Per un europeo è sorprendente assistere al perdurare, e addirittura all’incrudelirsi di un così forte rancore per vicende storiche da cui ci dividono tre o quattro generazioni. I regimi asiatici sfruttano il patriottismo fino al punto di inventare tradizioni, per controllare il passato e far dimenticare i guai dell’oggi. È come se in Europa la Francia dedicasse una parata militare e una settimana di ferie dal lavoro a celebrare la sconfitta della Germania, o un giornale tedesco pretendesse le scuse di Elisabetta II per il bombardamento a tappeto di Dresda del 1945.

Ma la ragione per cui tutto ciò ci sembra assurdo e anacronistico non è perché la storia non si possa ripetere se non come farsa: basta guardare a ciò che sta accadendo in queste ore in Ungheria per capire che gli esseri umani sono capacissimi di ripetere anche la tragedia. Ciò che in Europa è diverso è l’atto di volontà politica con cui ci siamo buttati alle spalle il nostro tragico Novecento dando vita a una Unione tra gli Stati che si erano combattuti, trasformando cioè la fine della guerra in vera pacificazione, e l’antagonismo militare in cooperazione economica. I venti che soffiano in Asia, continente in cui questo processo non è mai nemmeno cominciato, dovrebbero ricordarcelo.

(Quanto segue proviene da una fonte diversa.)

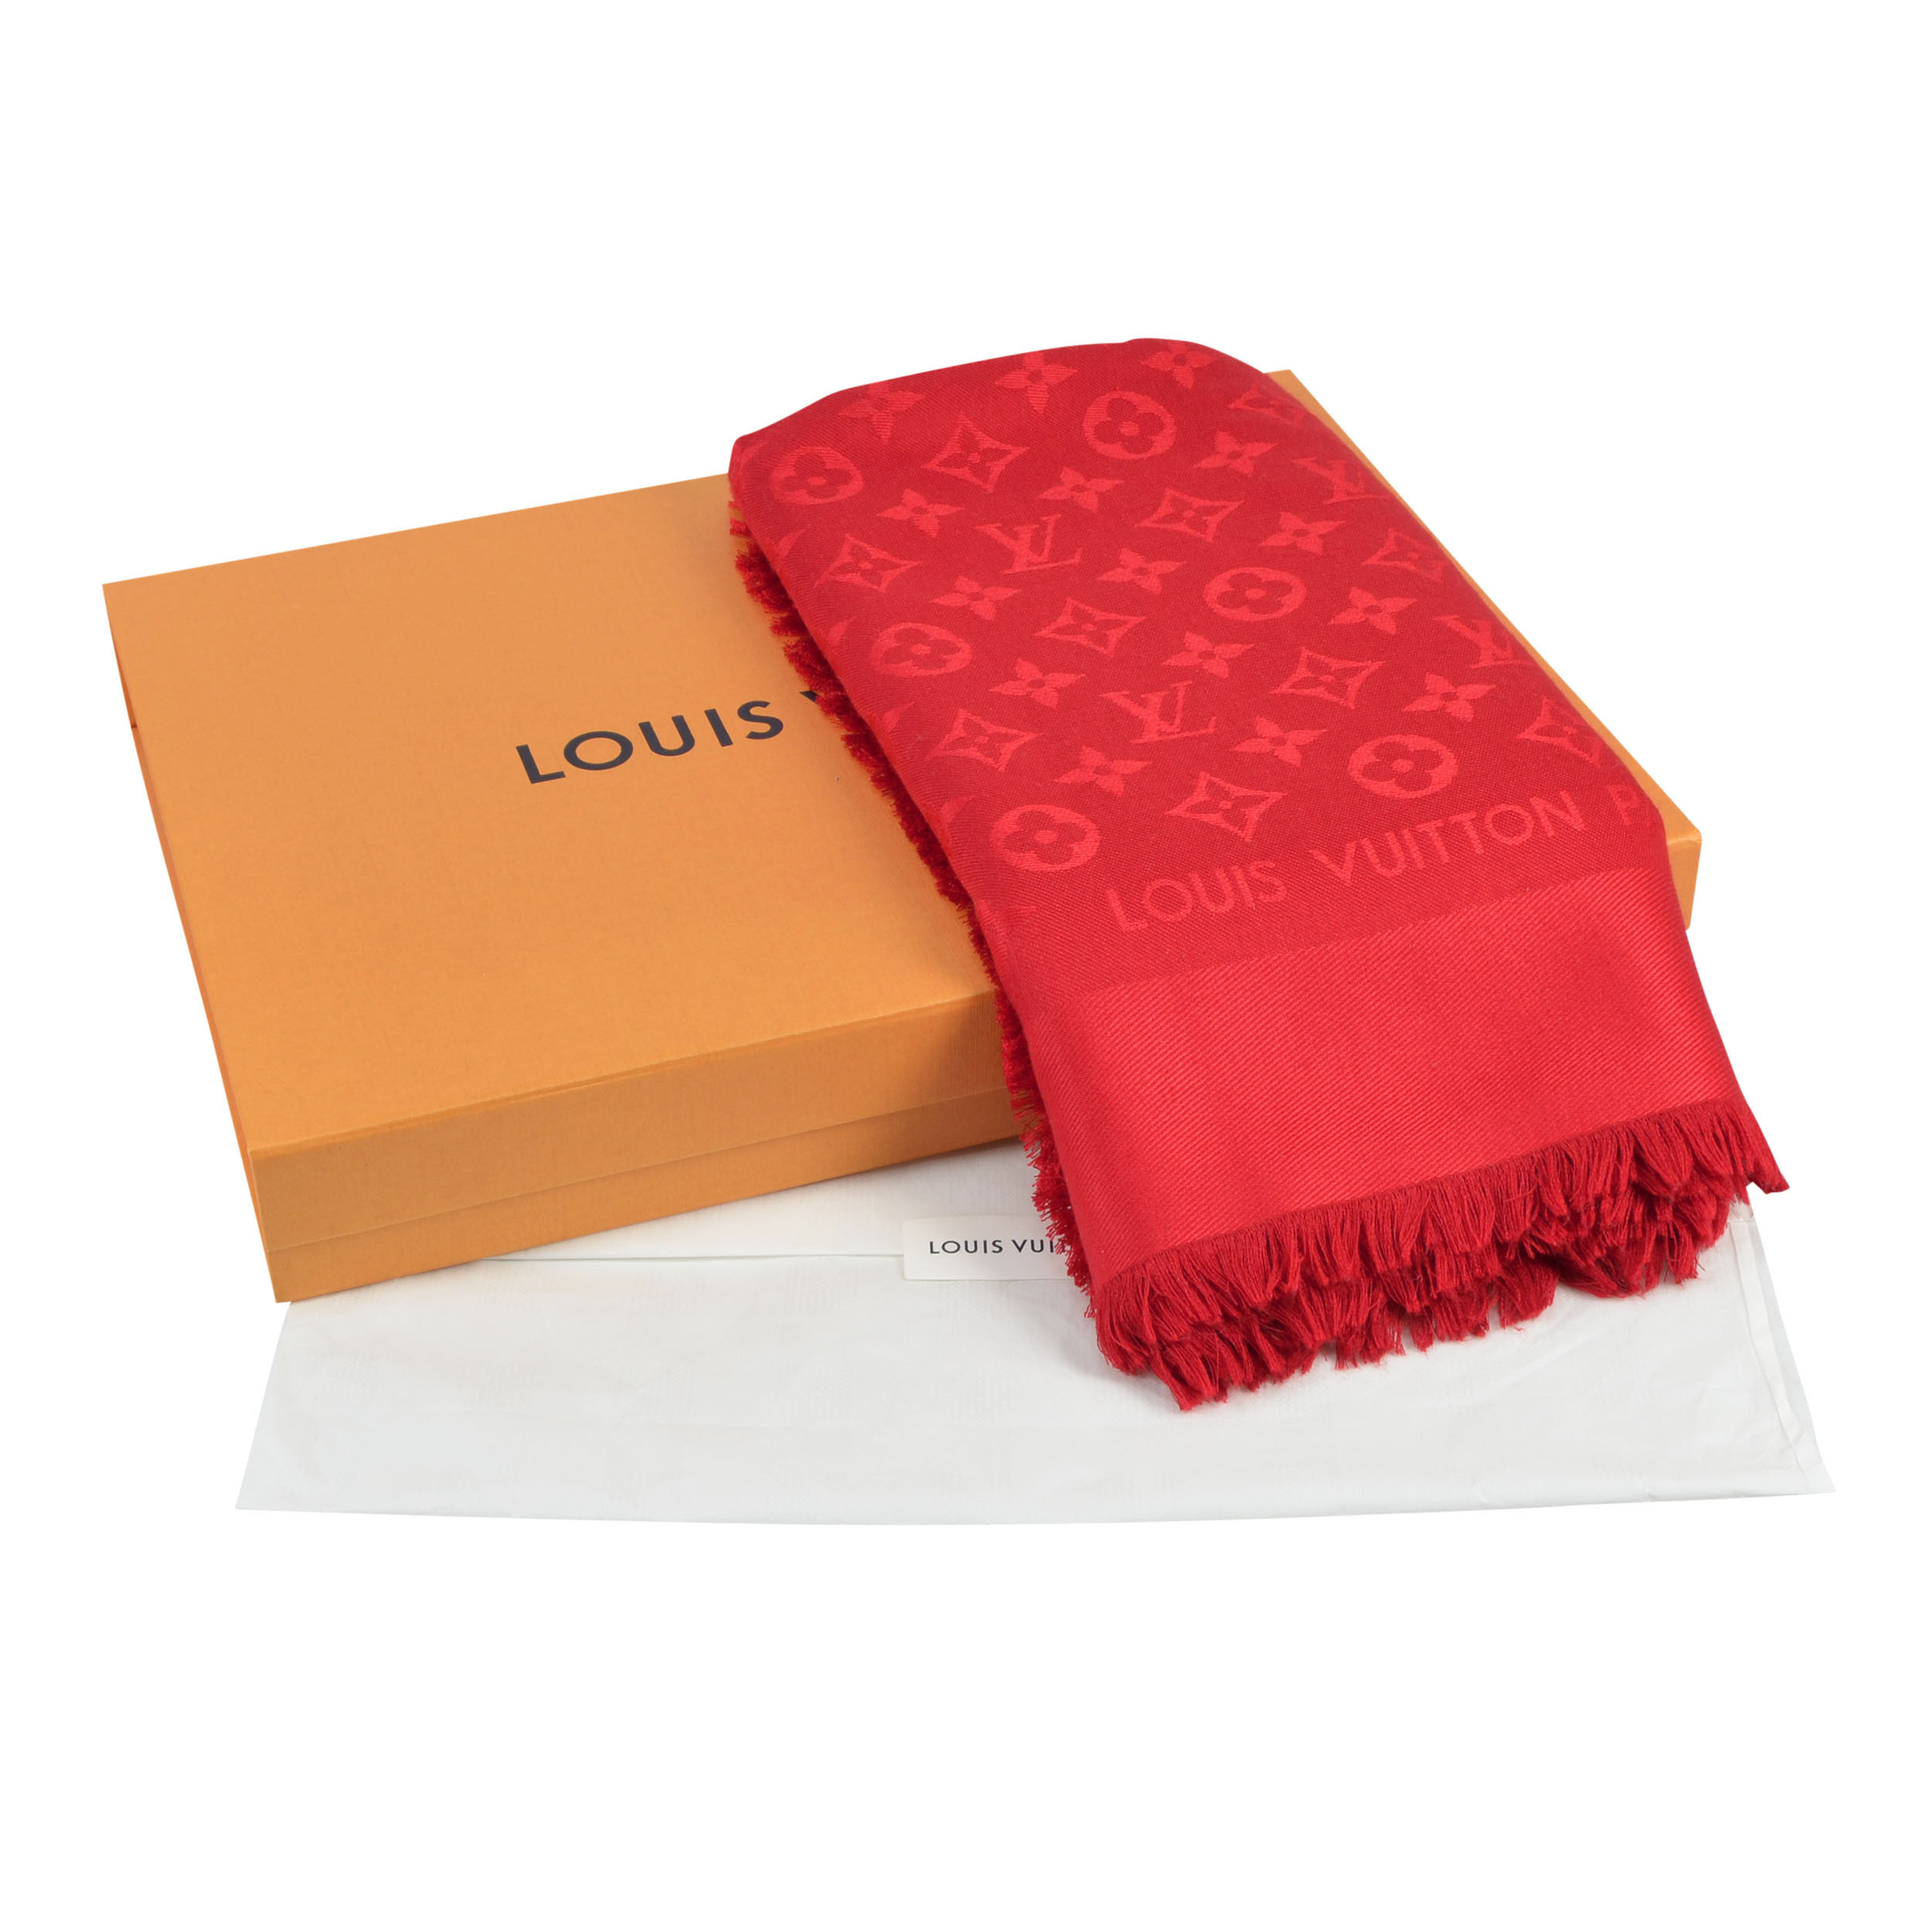 Louis Vuitton Monogram Tuch Geprüft & Original bei MyLovelyBoutique

Aver messo fine alle guerre non è un merito obsoleto dell’Europa buono solo per la cerimonia del Nobel per la pace, qualcosa di così scontato e di così lontano dalle nuove generazioni da non giustificare più la fatica, le pecche e gli errori dell’Unione. Tutto sommato, è molto meglio litigare sull’euro che sul riarmo. Perfino la crisi dei migranti è una conseguenza di questo successo storico. L’Europa è un’oasi di pace circondata da un mare di guerre, attrae chi ama la vita come una calamita. O, se vogliamo, come un faro di civiltà nella notte infinita dell’odio tra i popoli . Antonio Polito, Il Corriere della Sera, 2 settembre 2015

……Ha ragione Polito a rivendicare all’Europa il merito di aver trasformato  un’area di guerre, l’ultima  è stata la più disastriosa di tutte, in un’area di pace, e che è meglio litigare sull’euro ( e non solo!) piuttosto che cannonneggiarsi l’uno con l’altro. Però dimentica Polito di sottolineare  che il merito va riconosciuto e  ascritto ai Padri dell’Europa  che perseguirono con determinazione e impegno questo obiettivo; ma quegli stessi Padri dell’Europa unita, o meglio degli Stati uniti d’Europa, pensavano ad una Europa dei Popoli e delle Nazioni, non pensavano certo all’ Europa dei burocrati e ad una unione europea solo economica e non politica, o, peggio ad una europa dedescocentrica nonostante tra i Padri  della nuoiva Europa v’era Adenauer che, però, aveva una visione molto più aperta rispetto ai tedeschi di oggi. Ai meriti, quindi, debbono far da riscontro i demeriti e se si vuole le degenerazioni rispetto all’Idea che mosse gli statisti di un sessantennio fa ad adoperarsi per creare prima le condizioni e poi le basi per costruire uno Stato sovranazionale che però non affogasse gli spiriti e le tradizioni nazionali in una burocrazia cieca ed egemonica che ha finito col fomentare le avversioni ad una unione europa che annega in un mare di proteste e contestazioni. Si può tornare indietro, recuperare lo spirito dei Padri fondatori dell’unità eurpea e solo allora i meriti  di quei “visionari” potranno conuigarsi con una nuova e più fertile stagione “europea”. g.